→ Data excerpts
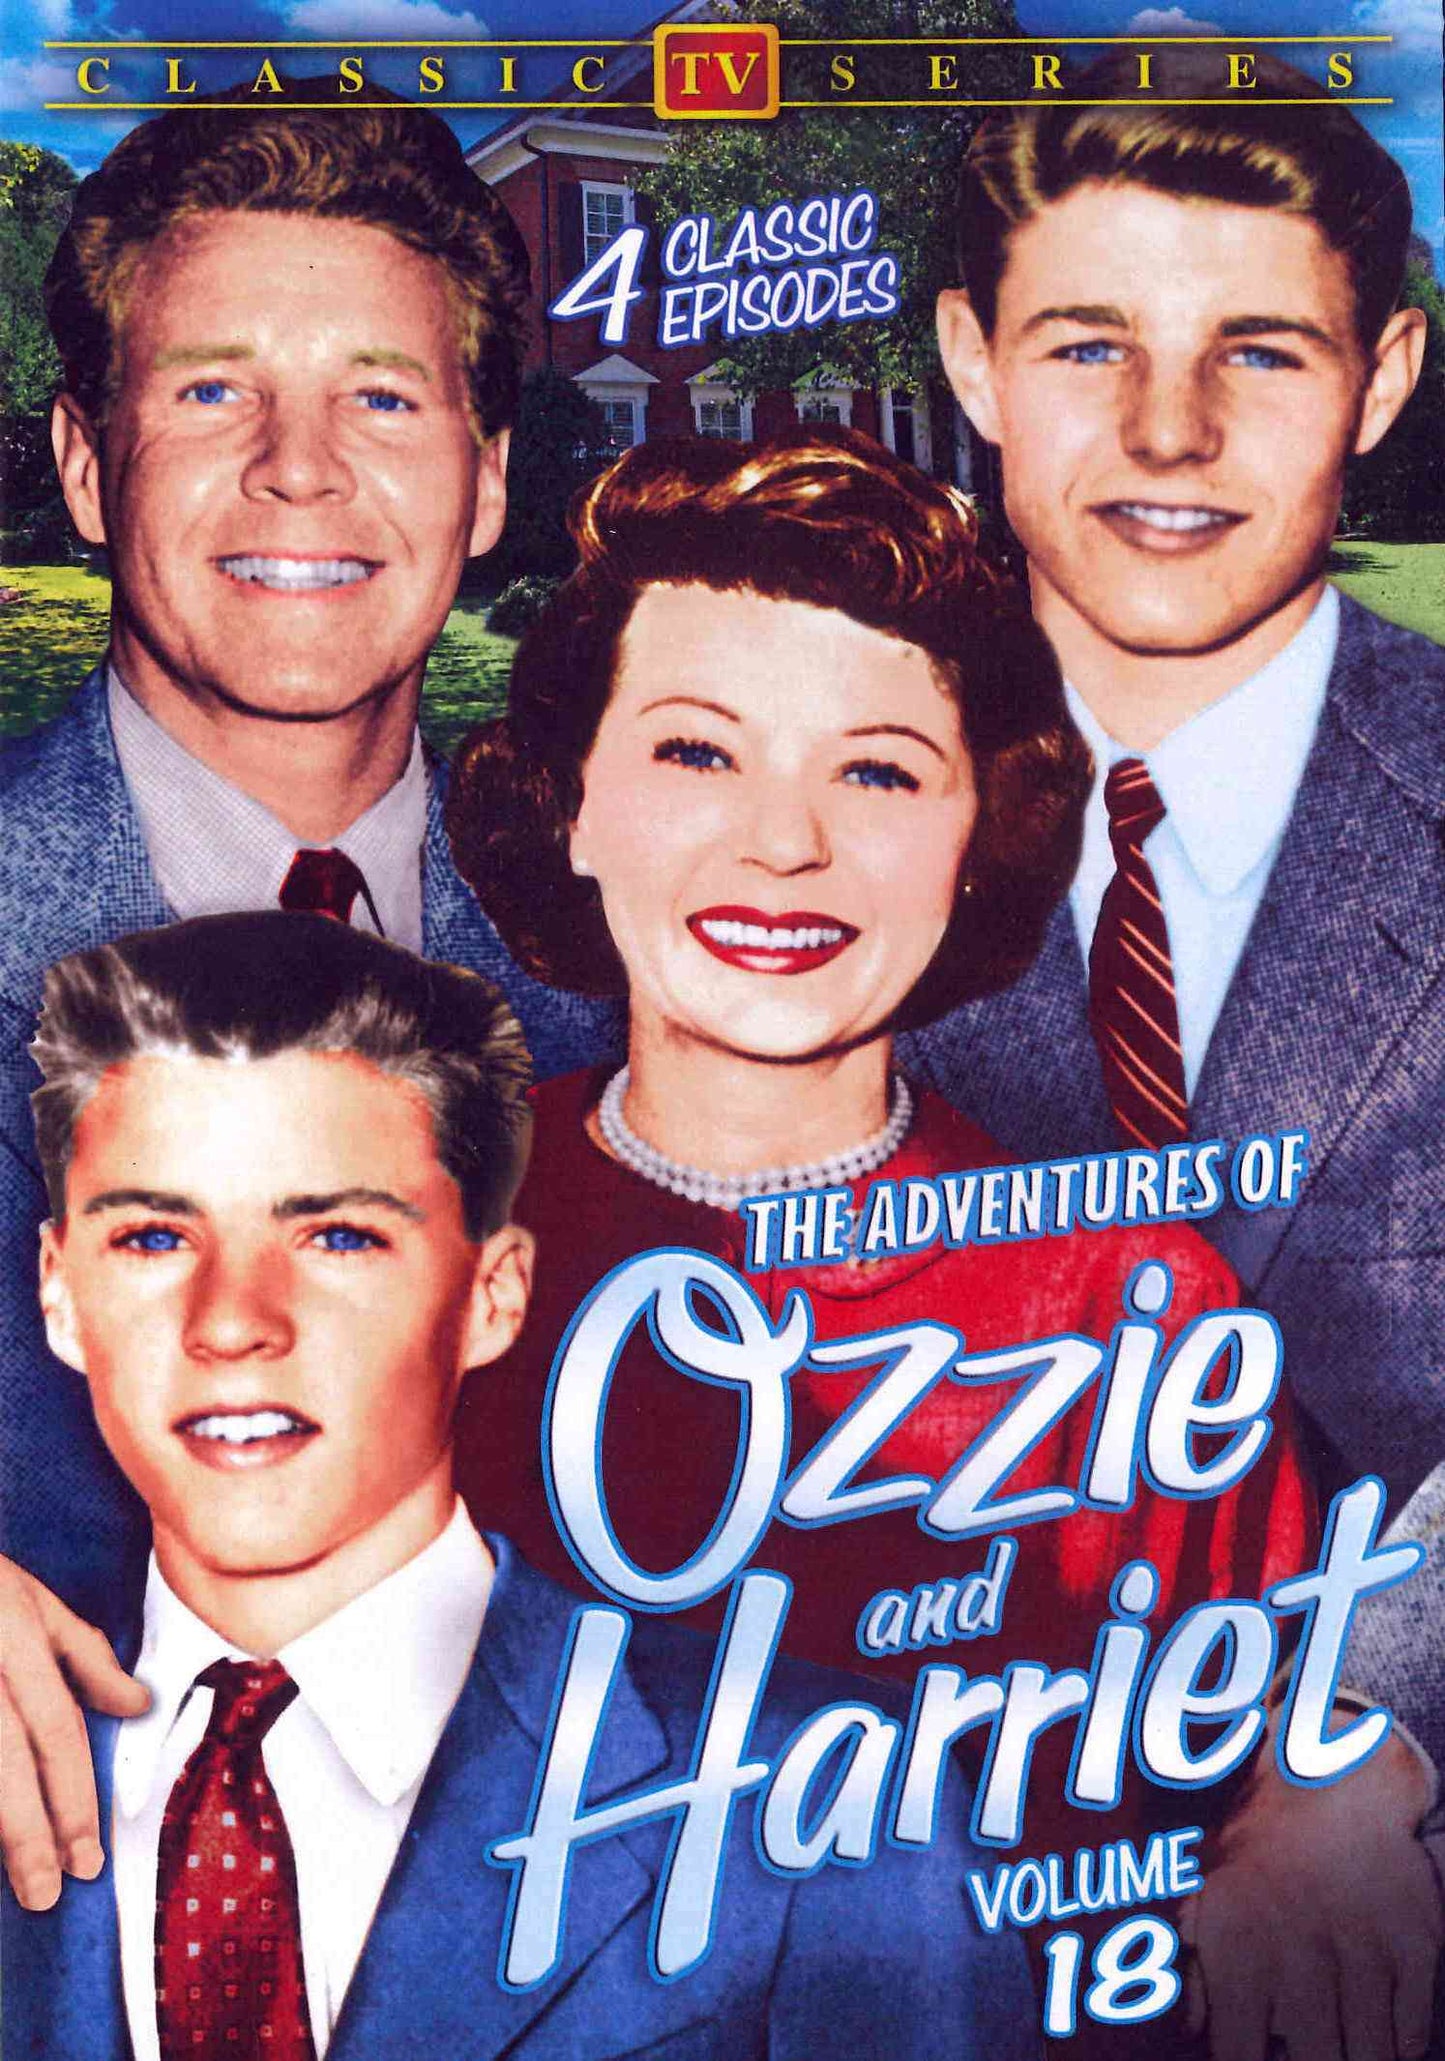 Adventures of Ozzie & Harriet, Vol. 18 cover art
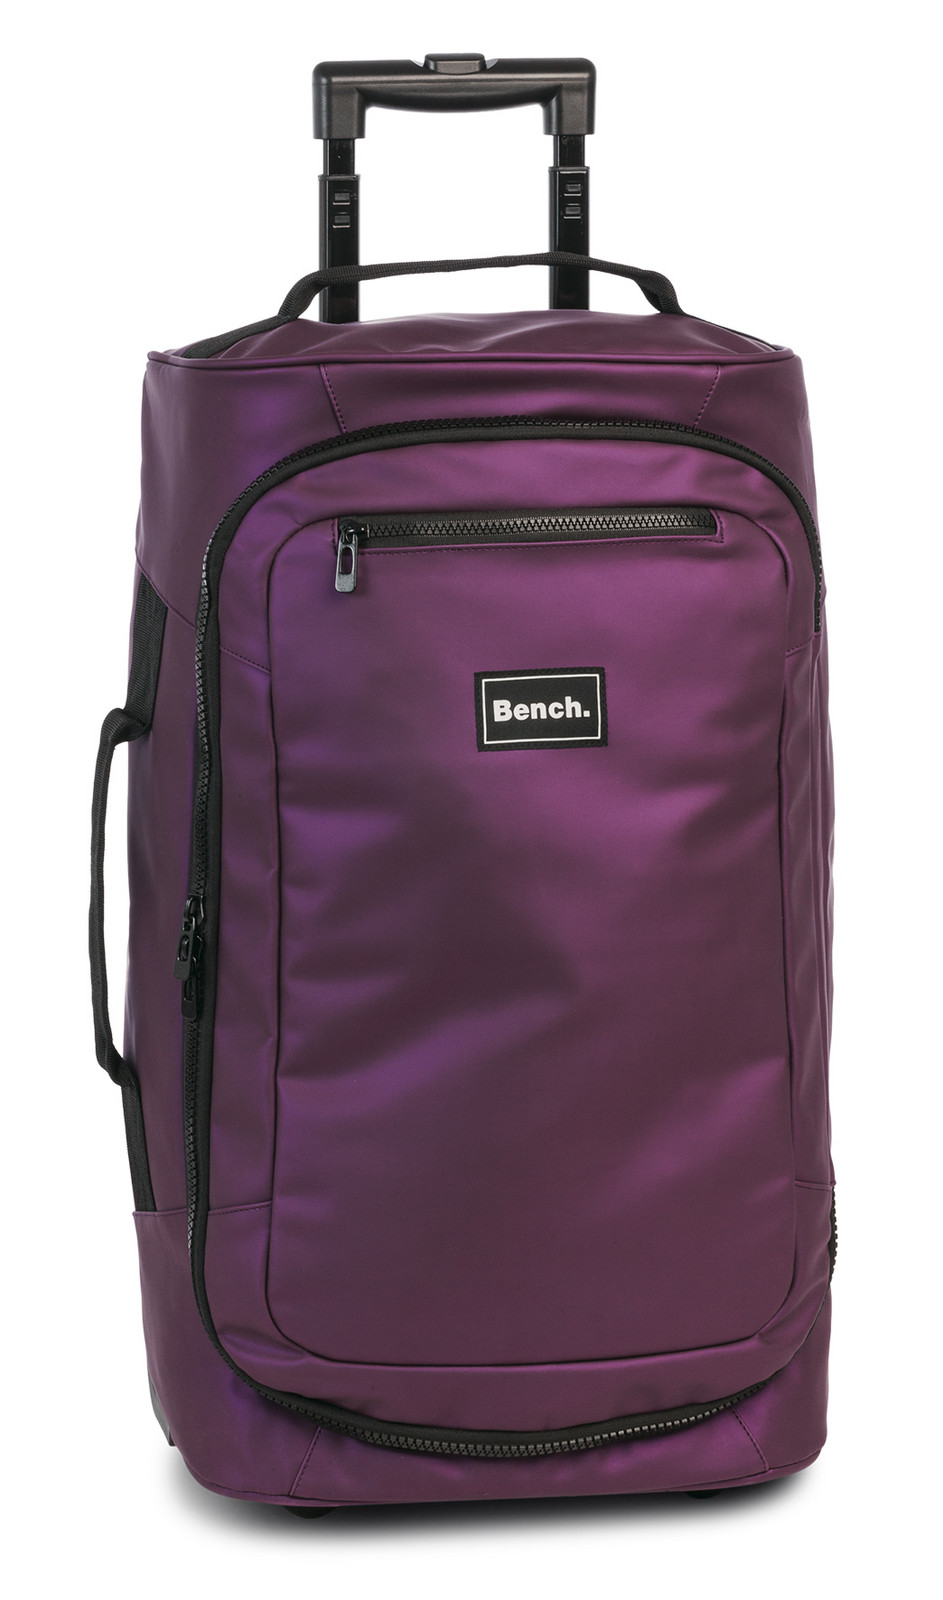 Bench. Bench Hydro cestovní taška na kolečkách 36L - blackberry
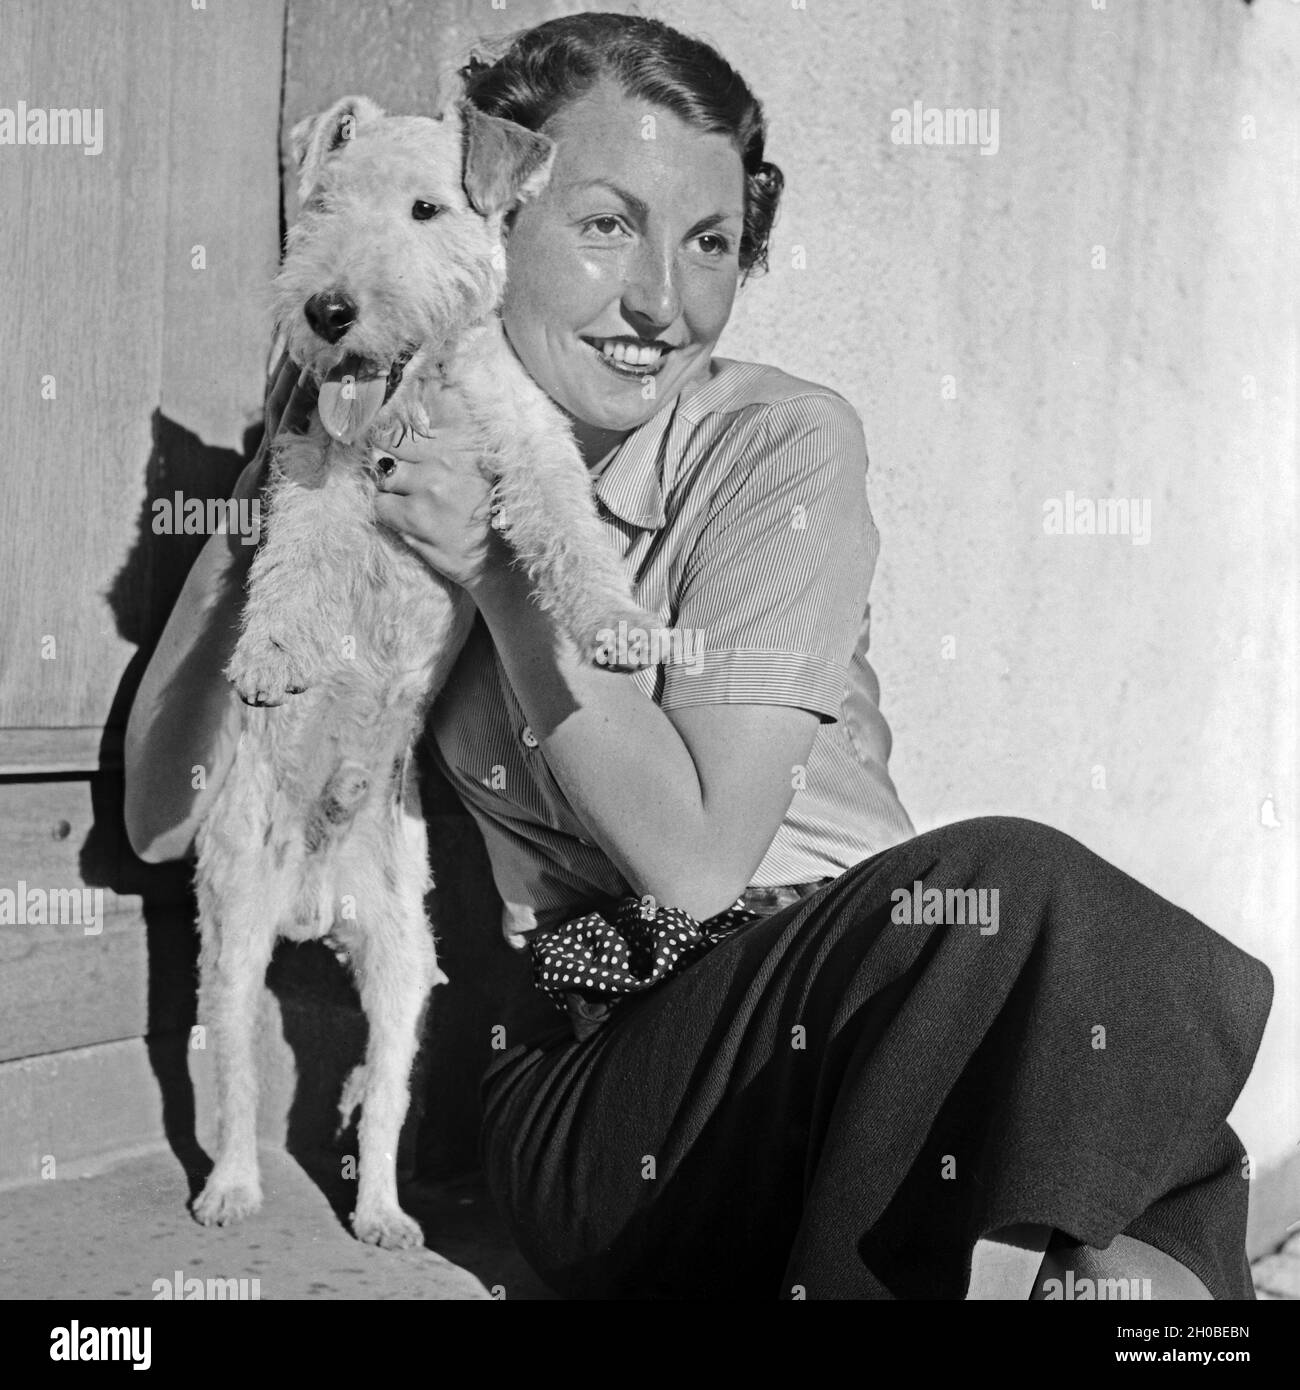 Eine junge Frau mit ihrem schmust Foxterrier, 1930er Jahre Deutschland. Une jeune femme câline avec son chiot fox terrier, Allemagne 1930. Banque D'Images
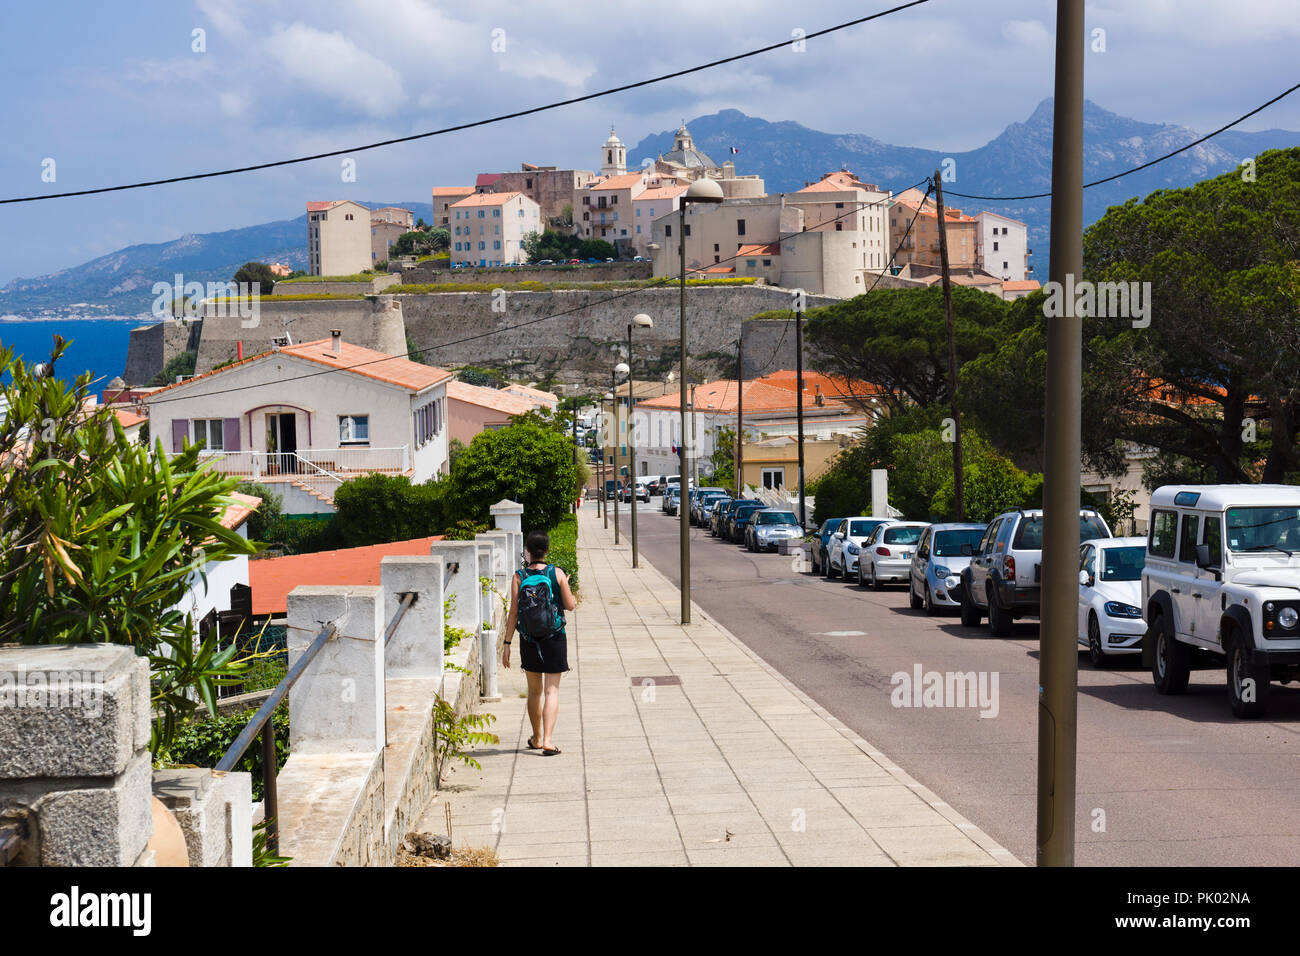 Sac à dos avec touristiques à marcher en direction de la citadelle de Calvi. Calvi, Corse, France Banque D'Images
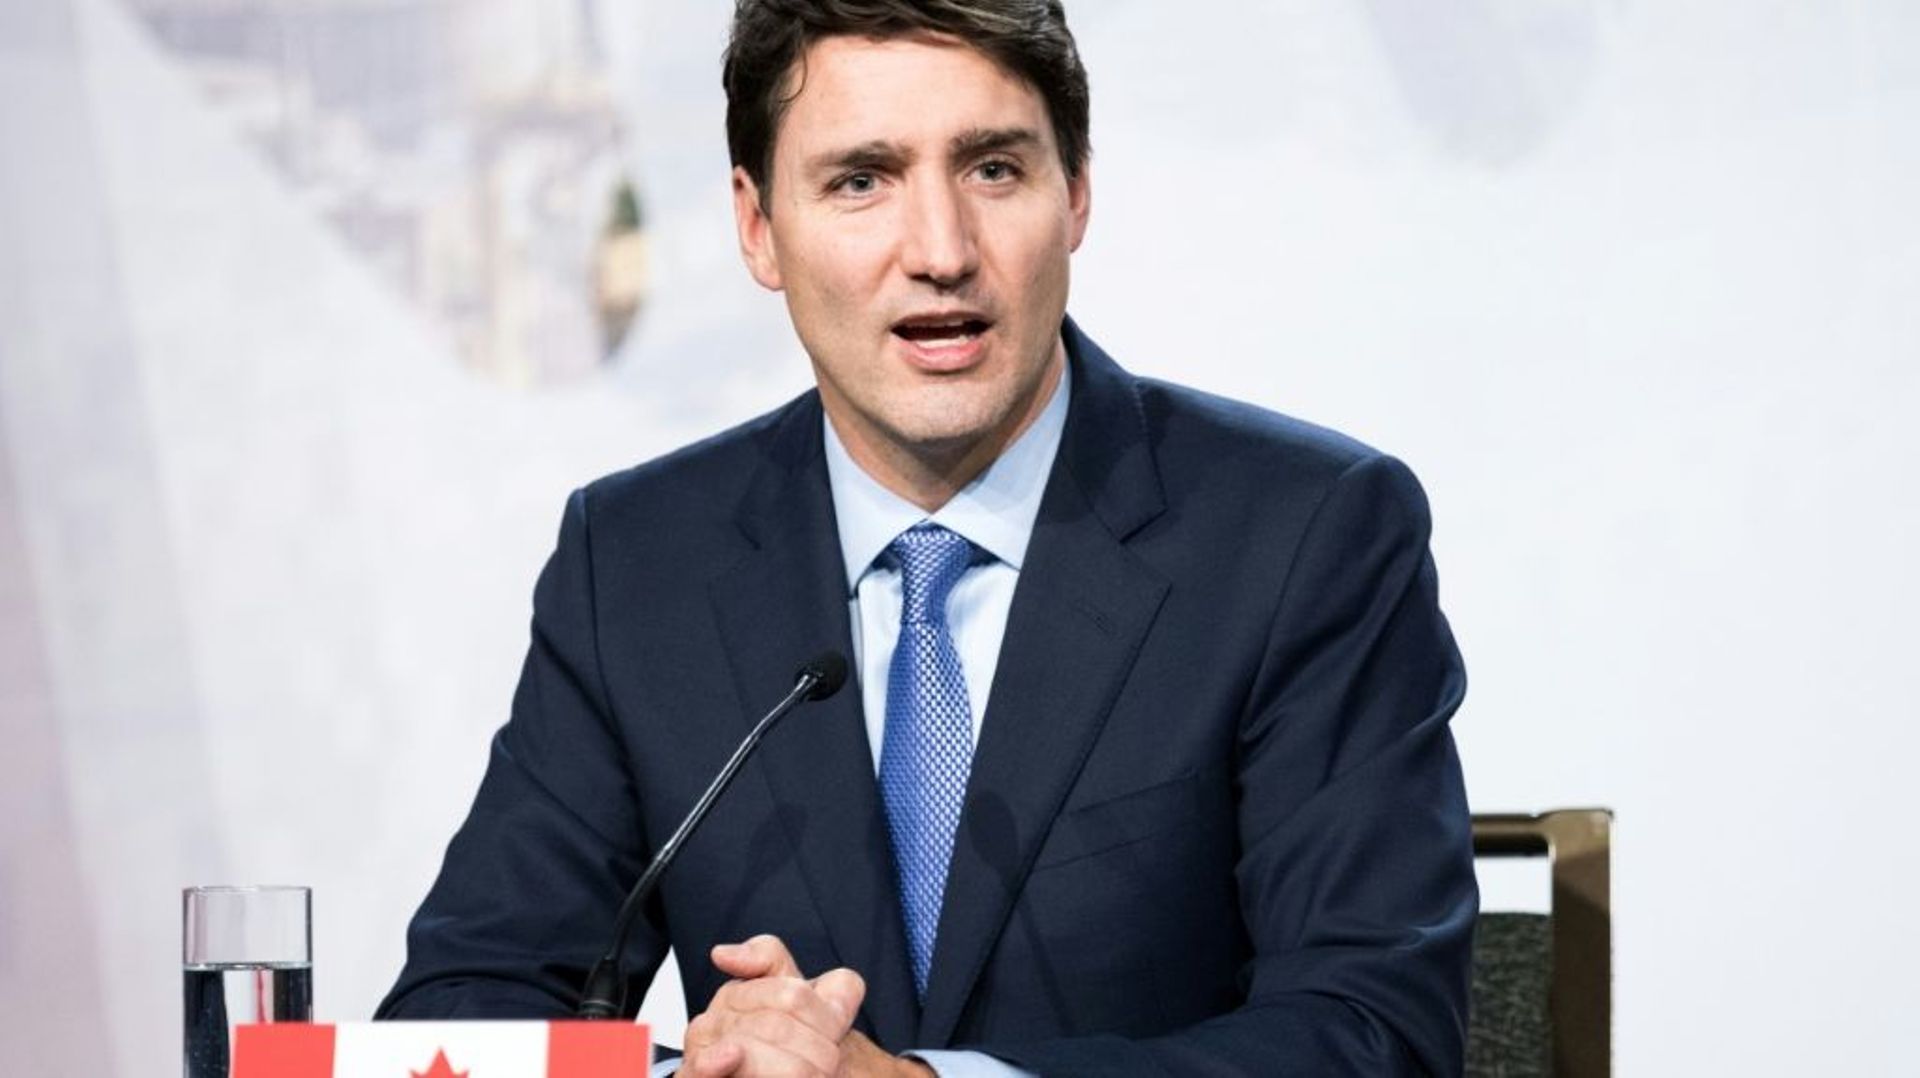 Le Premier ministre canadien Justin Trudeau photographié en décembre à Montréal.

→ WORK INSTRUCTIONS
Output every record above verbatim, excluding images.

→ RESPONSE BELOW
 Adventures of Ozzie & Harriet, Vol. 18 cover art
 Bench. Bench Hydro cestovní taška na kolečkách 36L - blackberry
 Eine junge Frau mit ihrem schmust Foxterrier, 1930er Jahre Deutschland. Une jeune femme câline avec son chiot fox terrier, Allemagne 1930. Banque D'Images
 Sac à dos avec touristiques à marcher en direction de la citadelle de Calvi. Calvi, Corse, France Banque D'Images
 Le Premier ministre canadien Justin Trudeau photographié en décembre à Montréal.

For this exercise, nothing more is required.